# Strikeforce champ Melendez fights Pat Healy Sep. 29, coach had wanted Penn or Pettis



## Rauno (Nov 20, 2009)

> trikeforce lightweight champion Gilbert Melendez (20-2 MMA, 10-1 SF) will fight at the organization's recently announced May 19 event.
> 
> Against whom? That's a good question.
> 
> ...


*MMAJunkie*

I really hope they let Penn go over there to challenge Melendez, i'm sure he'd take such a huge fight. Wouldn't make much sense to bring in Pettis just to take him back to the UFC eventually.


----------



## St.Paul Guy (Mar 8, 2011)

I don't think Penn would have too much interest unfortunately.

And I think every UFC contender is going to avoid going to strikeforce at all costs. It's basically career purgatory at this point; even if you manage to be the champ.


----------



## Rauno (Nov 20, 2009)

Pettis confirmed that the rumors are completely false and he is concentrating on his UFC career. Rightfully so imo.


----------



## Canadian Psycho (Apr 22, 2007)

I'm assuming it'll be another bout with Thompson.

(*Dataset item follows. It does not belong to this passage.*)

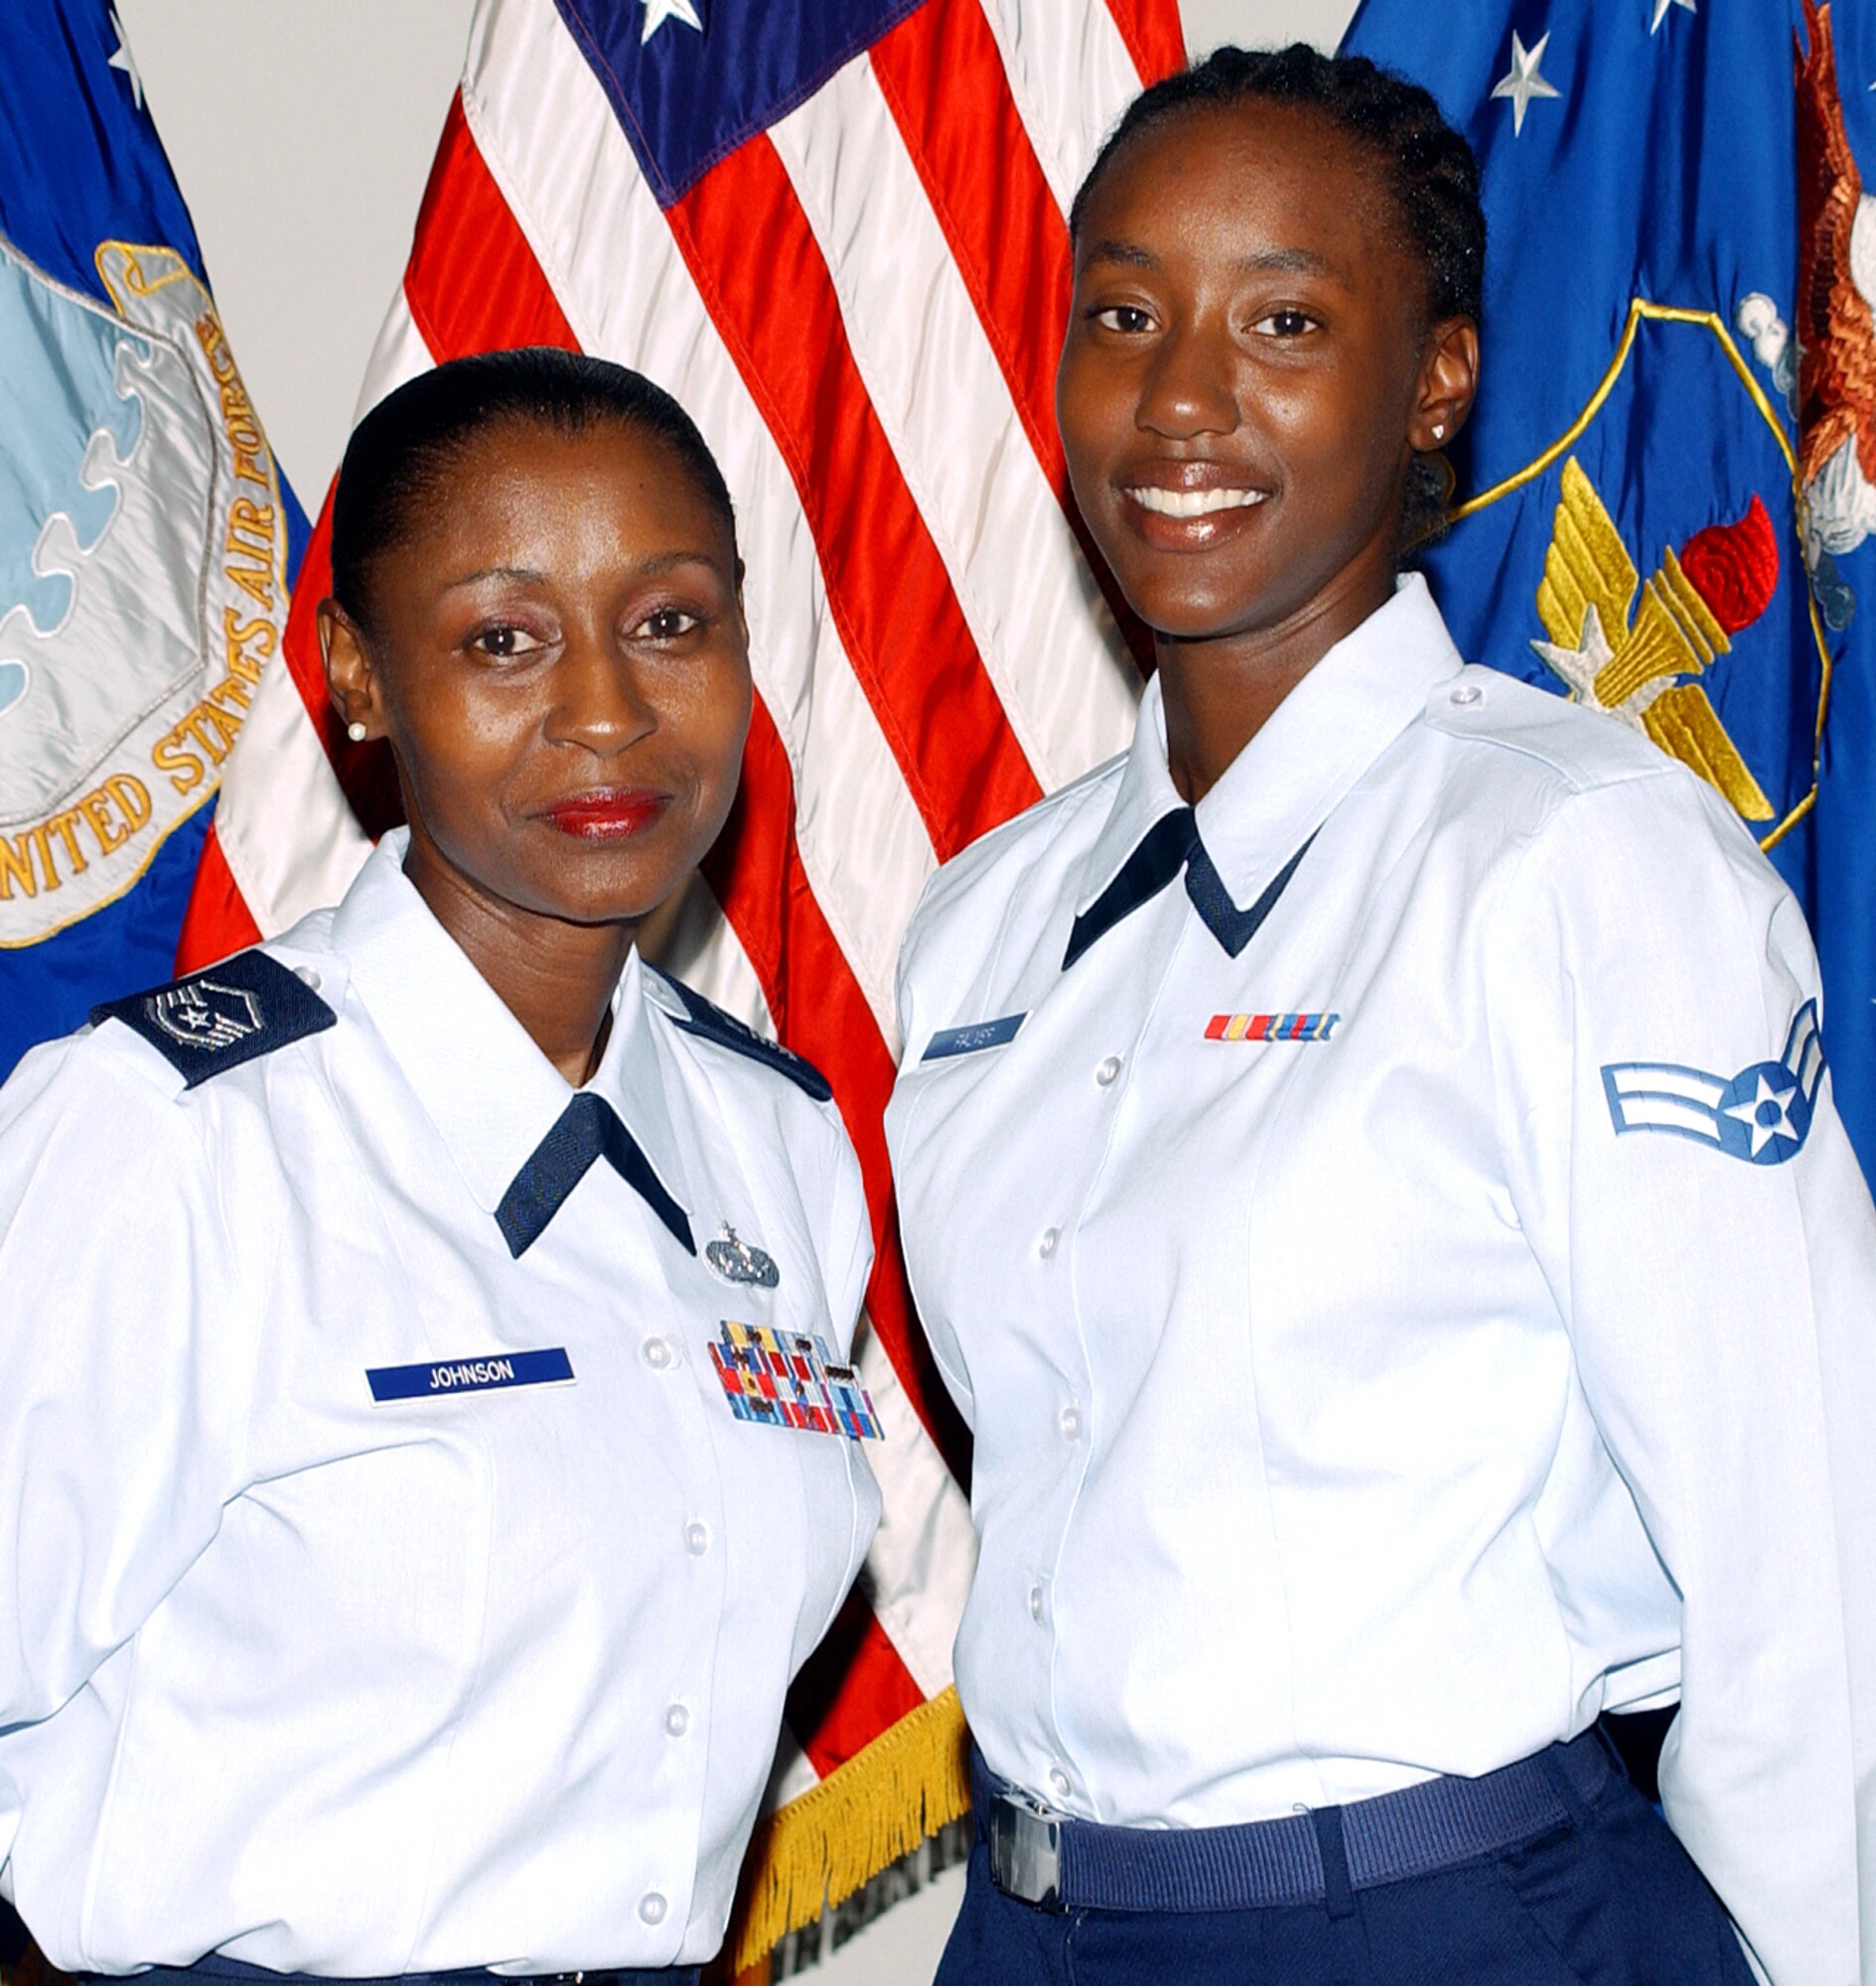 RANDOLPH AIR FORCE BASE, Texas (AFPN) -- Master Sgt. Sharita Johnson (left) and her daughter, Airman 1st Class Kareema Palmer-Johnson, were promoted together Aug. 1. (U.S. Air Force photo by Joel Martinez)
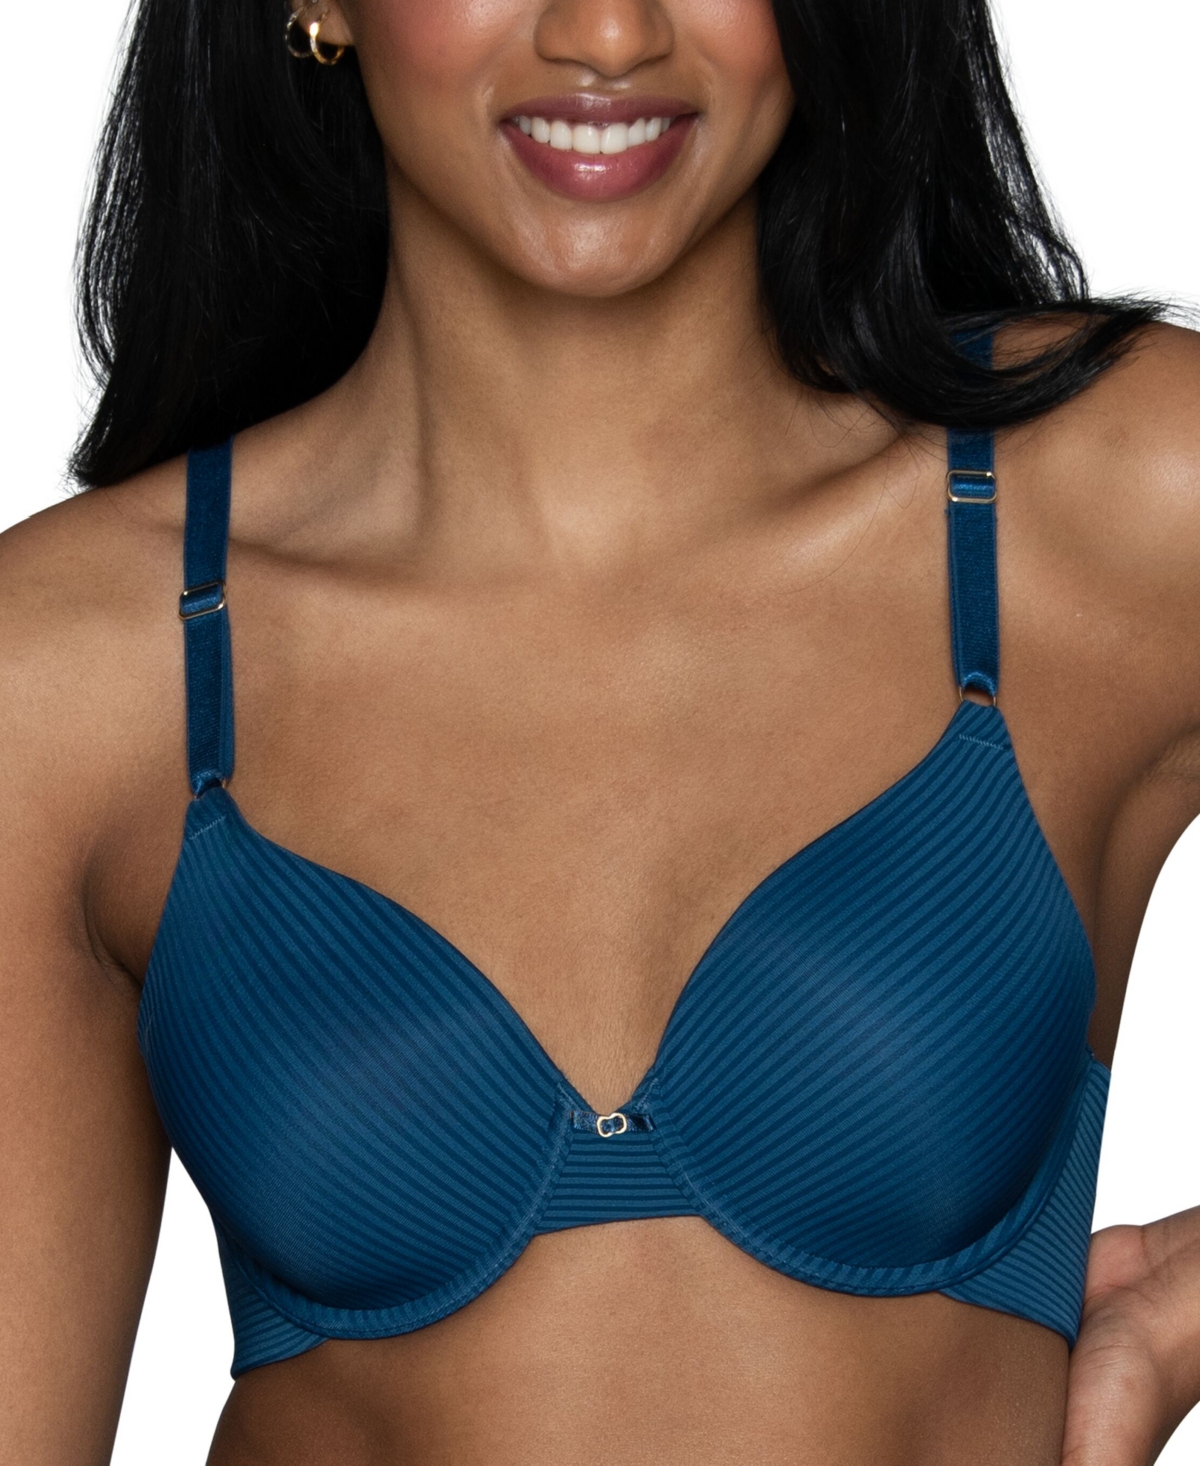 Vanity Fair Women's Beauty Back Full Coverage Underwire Smoothing

I doubt very much that we'll ever see UFC contenders 'move down' to SF. And let's be honest, it would certainly seem like a demotion to anyone vying for a UFC title. Not to knock SF, which I often watch, but it certainly seems like a 'feeder organization' to the UFC as of late.

Penn would be an interesting match-up, though as was said, I don't see him taking it. I think he was serious when he called it quits.


----------



## cdtcpl (Mar 9, 2007)

Who would willingly do this other than someone about to get cut?

Maybe Kenflo just to get a belt?


----------



## xxpillowxxjp (Aug 23, 2010)

cdtcpl said:


> Maybe Kenflo just to get a belt?


HAH, that would be hilarious if he actually did..


----------



## LL (Mar 12, 2011)

Pretty sure BJ's retired, don't know why people keep bringing his name up, the guy can only go for a round these days anyway. He's done.

Pettis should take it though, he'd gain a lot from beating the best Lightweight in the world, not that thief holding the UFC belt.


----------



## Canadian Psycho (Apr 22, 2007)

TheLyotoLegion on Ben Henderson's 'controversial' win over Edgar said:


> not that thief holding the UFC belt.





TheLyotoLegion on Lyoto Machida's controversial win over Shogun said:


> the judges opinion means more than yours


:happy03:


----------



## xxpillowxxjp (Aug 23, 2010)

Nice. Rep incoming


Canadian Psycho said:


> :happy03:


----------



## mmajuggalow (Oct 7, 2012)

Can someone tell me how to start a team


----------